Notre Dame donations face backlash among other crises

Krystal Barber

On April 17, just days after the fire at the Notre Dame in Paris, President Donald Trump spoke with the Pope and gave his condolences to the people of France while pledging $1 billion  to help rebuild the centuries-old Catholic cathedral.
  
Billionaires around the world have also pledged over $1 billion to fix the church, which belongs to one of the wealthiest religious organizations in existence. According to abc.net, the Catholic Church is worth $30 billion, which is more than enough to fix Notre Dame. While the Notre Dame is historically important, this money to fix the church could easily fix many of the human crises around the world.
  
One of these is the infamous Flint water crisis. In 2014 the city officials of Flint, Michigan, decided to switch the city’s main source of water to the untreated waters of the Flint River, run by lead pipelines. This began the quick decline of the quality of drinking water in the city.
  
Over 100,000 people there have been exposed to lead-contaminated  water and, according to michiganradio.org, government officials have continually ignored citizens asking for help. This crisis started four years ago and the government has still done nothing. The estimated cost to fix the pipelines is in the millions, according to bridgemi.com; a cost less than one-fourth of the amount of money donated to rebuild Notre Dame.
  
Another issue is the Great Pacific Garbage Patch, a mass between the coasts of California and Japan that spans twice the size of Texas. The patch is comprised of the Western Garbage Patch, between the coasts of California and Hawaii, and the Eastern Garbage Patch off the coast of Japan, according to nationalgeographic.org.
  
Every year at least 136,000 sea animals die from ocean debris-related causes. This is another issue that our government and most businesses in the U.S. have put no effort into resolving. The projected cost of cleaning the garbage patch is $122-489 million.

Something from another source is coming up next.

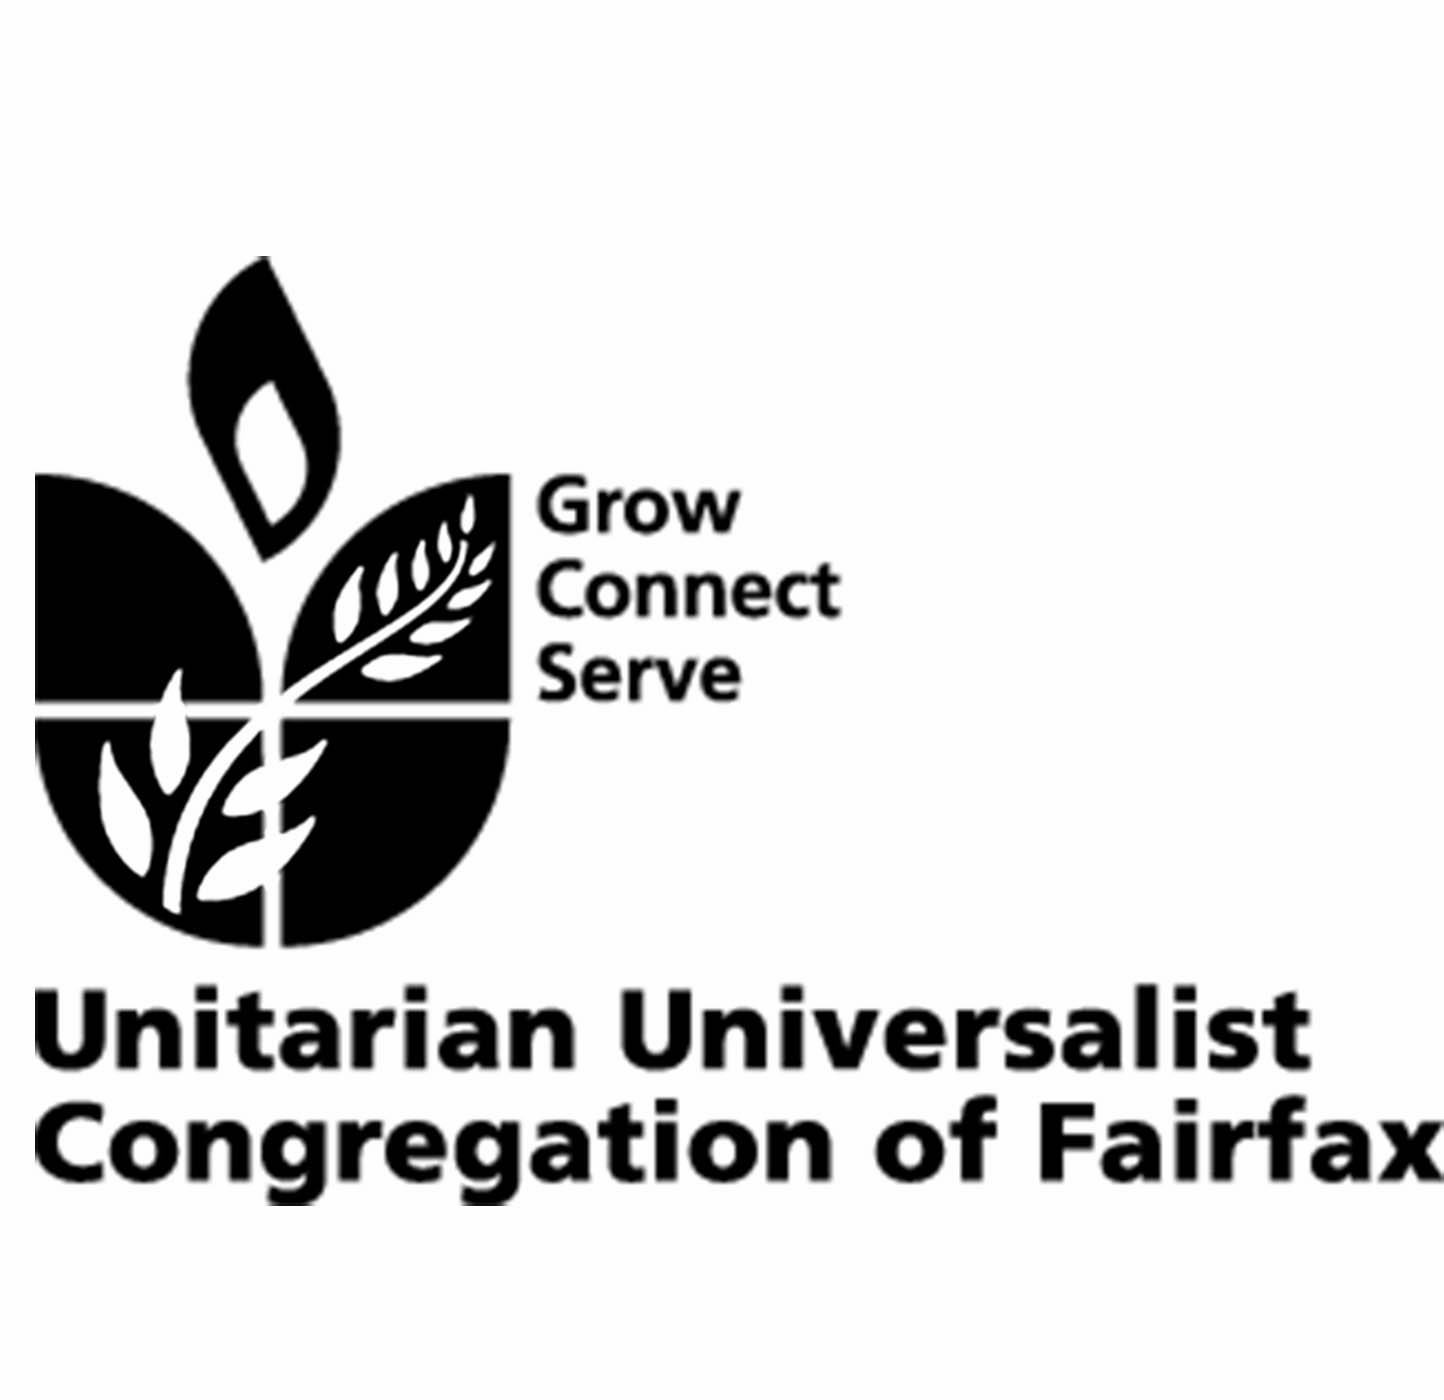 UUCF – Unitarian Universalist Congregation in Fairfax Virginia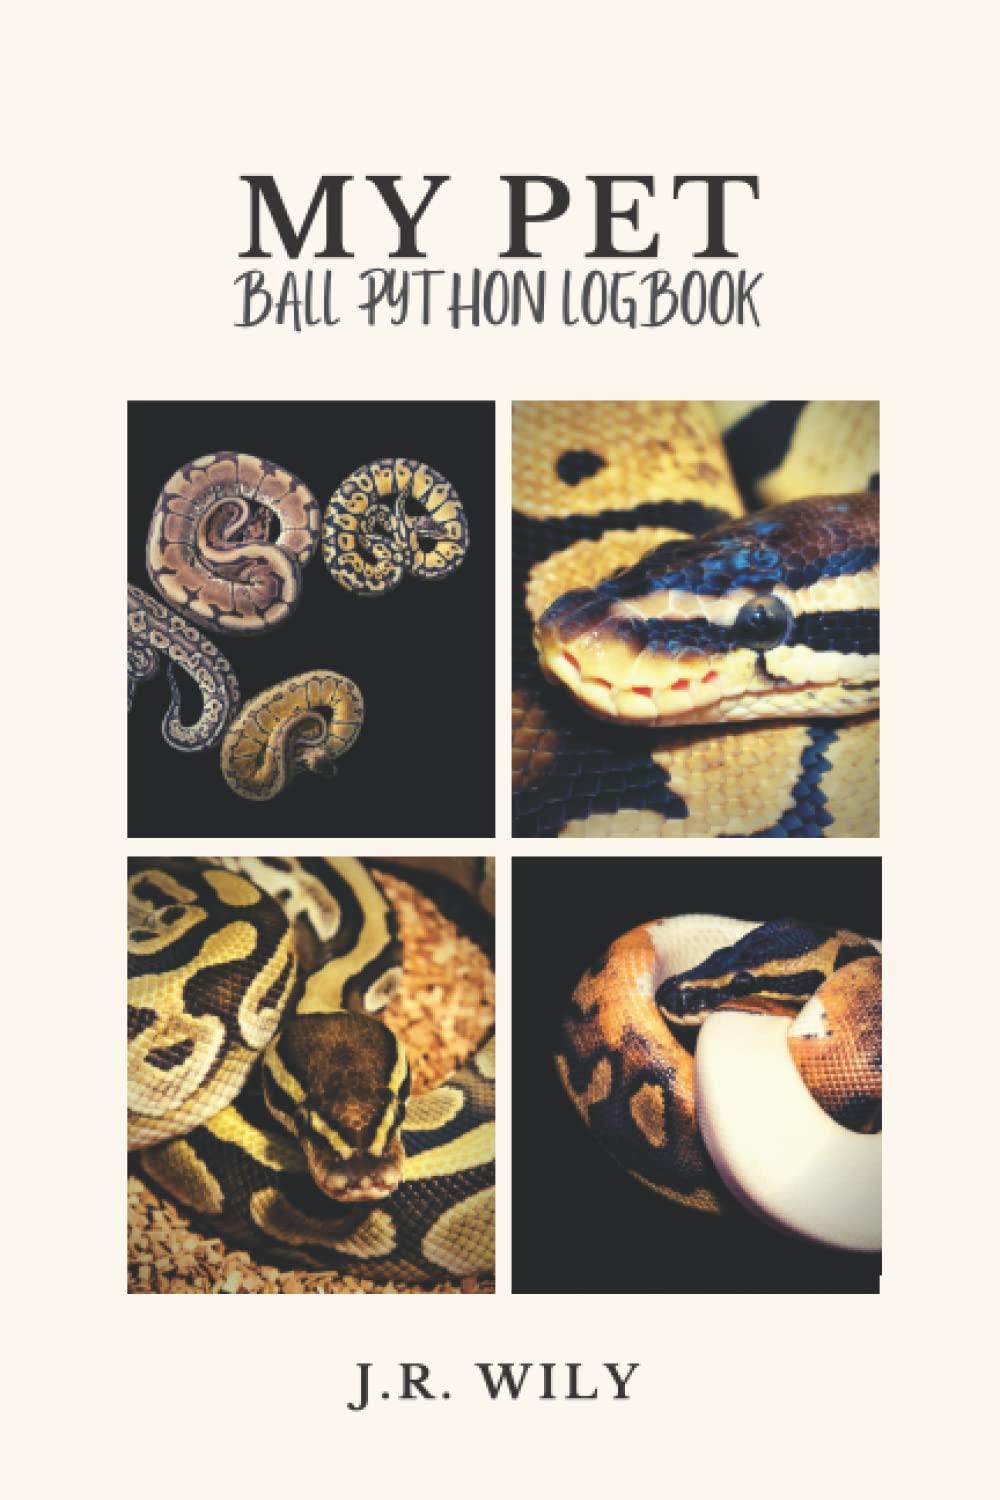 my pet ball python logbook 1st edition j.r. wily b09pmhyqq7, 979-8795555539

This is no more than half of donations to the reconstruction of Notre Dame.
  
These are just a couple of the many causes that the U.S. government could spend money on. Doing so would be for the betterment of the United States and its citizens, and both of them combined cost less that what was pledged to Notre Dame. While the Notre Dame is a historically and religiously significant building, its burning down has not caused any physical harm to the surrounding areas or the people of France, let alone the people of the United States.
  
The destruction of Notre Dame has brought to light that millionaires and billionaires have the money to help fix other issues in our country, or in the rest of the world. There are issue to address that are causing physical harm to people. But giving to those causes does not benefit the wealthy in the same way — giving money for Flint or for garbage clean-up would not be as widely broadcast. The reconstruction of Notre Dame is not the most important thing on the table for anyone with money to be fixing.